DETAILED DESCRIPTION OF THE PREFERRED EMBODIMENT
With respect to Figure-1 a block diagram of a prior hardware system architecture is now described. In prior art systems video signal 104 is an input to the 3D processing unit 100. Along with the video input the processing unit 100 also requires format information as described in Figure 3,4, 5. The Processing Unit 100 processes the input video according to this format information. The format information typically comes as an user input or as part of in-band HDMI protocol. The output of the 3D processing Unit 100 is an appropriately formatted video suitable for the 3D display device.

In one embodiment of the present invention as depicted in Figure-2, the input video signal is split and one part of it is taken as input in the (AFDM) Auto Format Detection Module 203. The AFDM module 203 in turn processes the input video and outputs appropriate format information 205 to the 3D Processing Unit 200.
In one embodiment with respect to Figure -7, it shows the formation of an edge at the middle point of the frame. This edge formation is because of the presence of two video frames in the same Frame wherein one frame belonging to Left Frame and the other belonging to Right frame. It is observed that in most cases the vertical lines i.e. right most column of Left frame and the Left most column of the Right frame will have less correlation and hence there will be perceptible intensity variations in most part of the middle point column pixels of the frame.
In another embodiment with respect to Figure-8, it is being shown that there is no visible vertical edge being formed at the mid point of the frame as the successive vertical lines of pixels belong to the same natural video frame. In most cases the successive pixel lines will be highly correlated and hence the intensity variation will be imperceptible.

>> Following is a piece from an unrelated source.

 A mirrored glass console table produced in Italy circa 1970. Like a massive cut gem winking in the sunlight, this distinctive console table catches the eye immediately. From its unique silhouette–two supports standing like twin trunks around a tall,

It is concluded that in most cases the correlation between vertical Pixel line of right most edge pixel of one frame and vertical Pixel line of left most edge of the other frame will have less correlation and hence perceptible intensity variation will be observed in most part in the vertical direction of Pixels. The present invention exploits this phenomenon to extract out the 3D format information given an input video frame. The subsequent clauses explain various methods of implementation to be employed to extract out the format information.

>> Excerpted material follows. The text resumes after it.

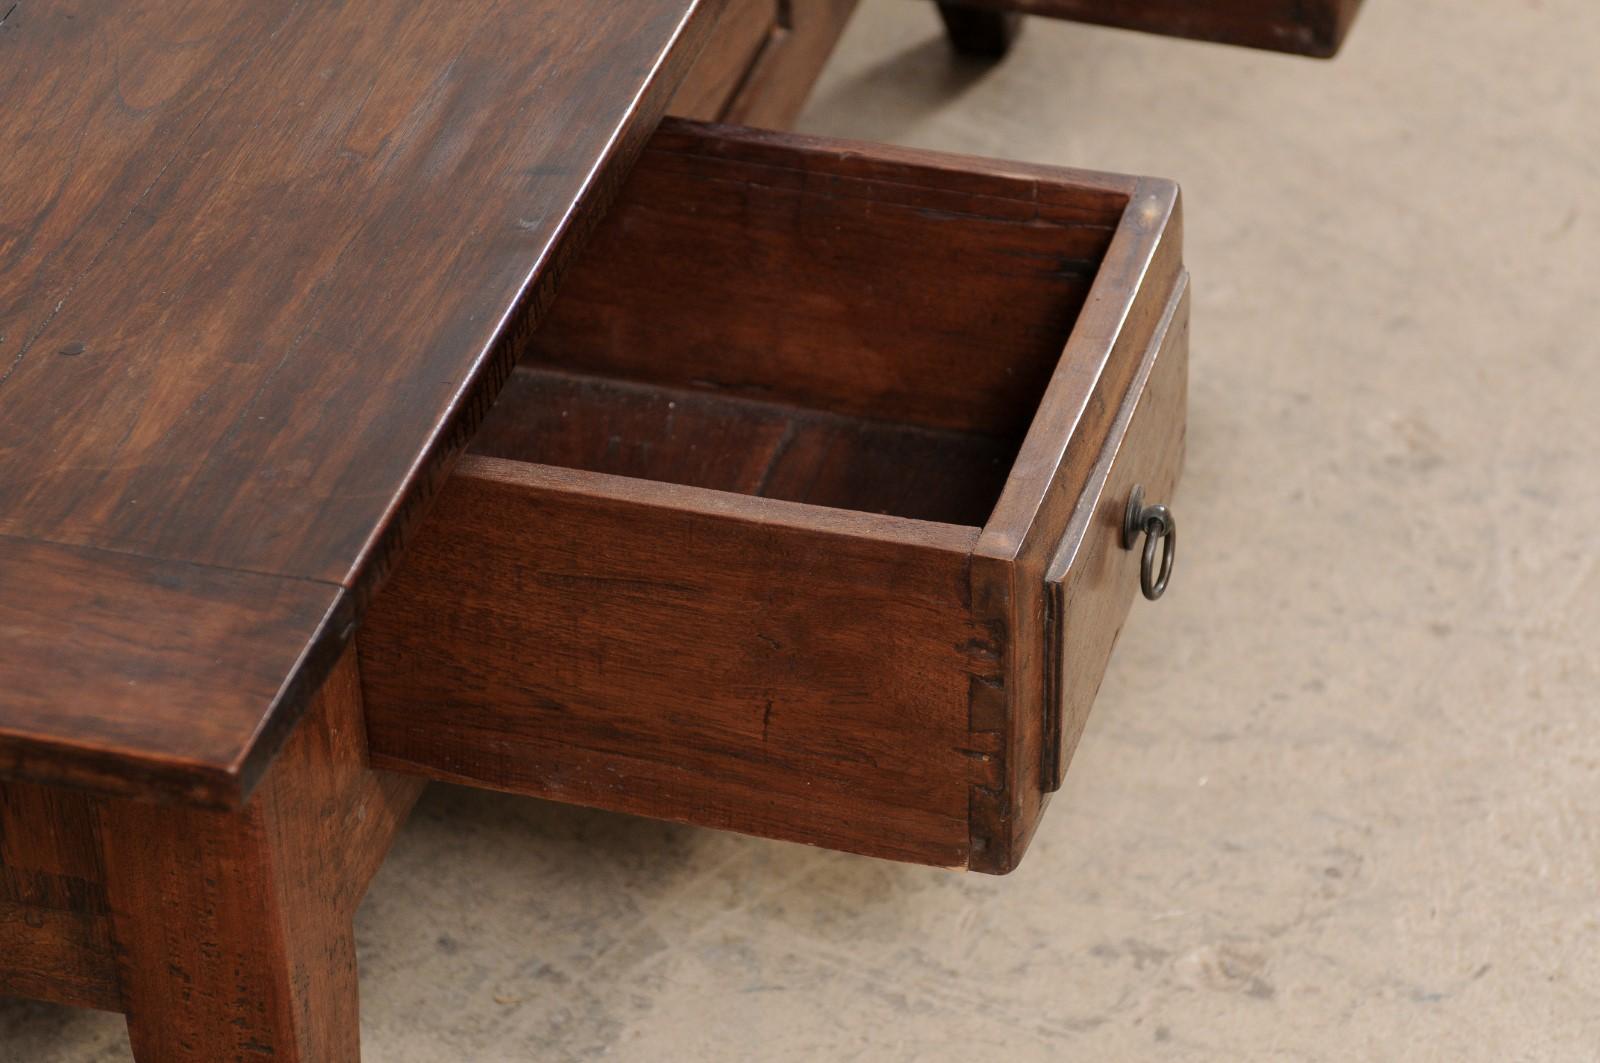 French Fruitwood Coffee Table in Rectangular-Shape w/Storage, Early 20th Century For Sale 1

In one embodiment of the present invention shown in Figure-3, the input video signal is processed at the color space converter module 304. The color space converter module 304 outputs only the luminance values at Pixel clock rate. The output of the color space converter is then fed into a Rol extractor module 303 and also Format Detection Engine 305. The Rol extractor module outputs the desired Region of Interest and feed the target pixel values to the Format Detection Engine 305. The format Detection engine in turn processes the pixel data and outputs the required format information 309.
In one embodiment as shown in Figure-3, the output of the Rol extractor module 303 could be taken into a Buffer Module 306. The Buffer Module 306 will separate out pixel array of Left Frames and Right Frames for Rol 602 as depicted in Figure 5. The output of the Buffer Module 306 will therefore be two array of Pixels one for the Left and the other for the Right Frame.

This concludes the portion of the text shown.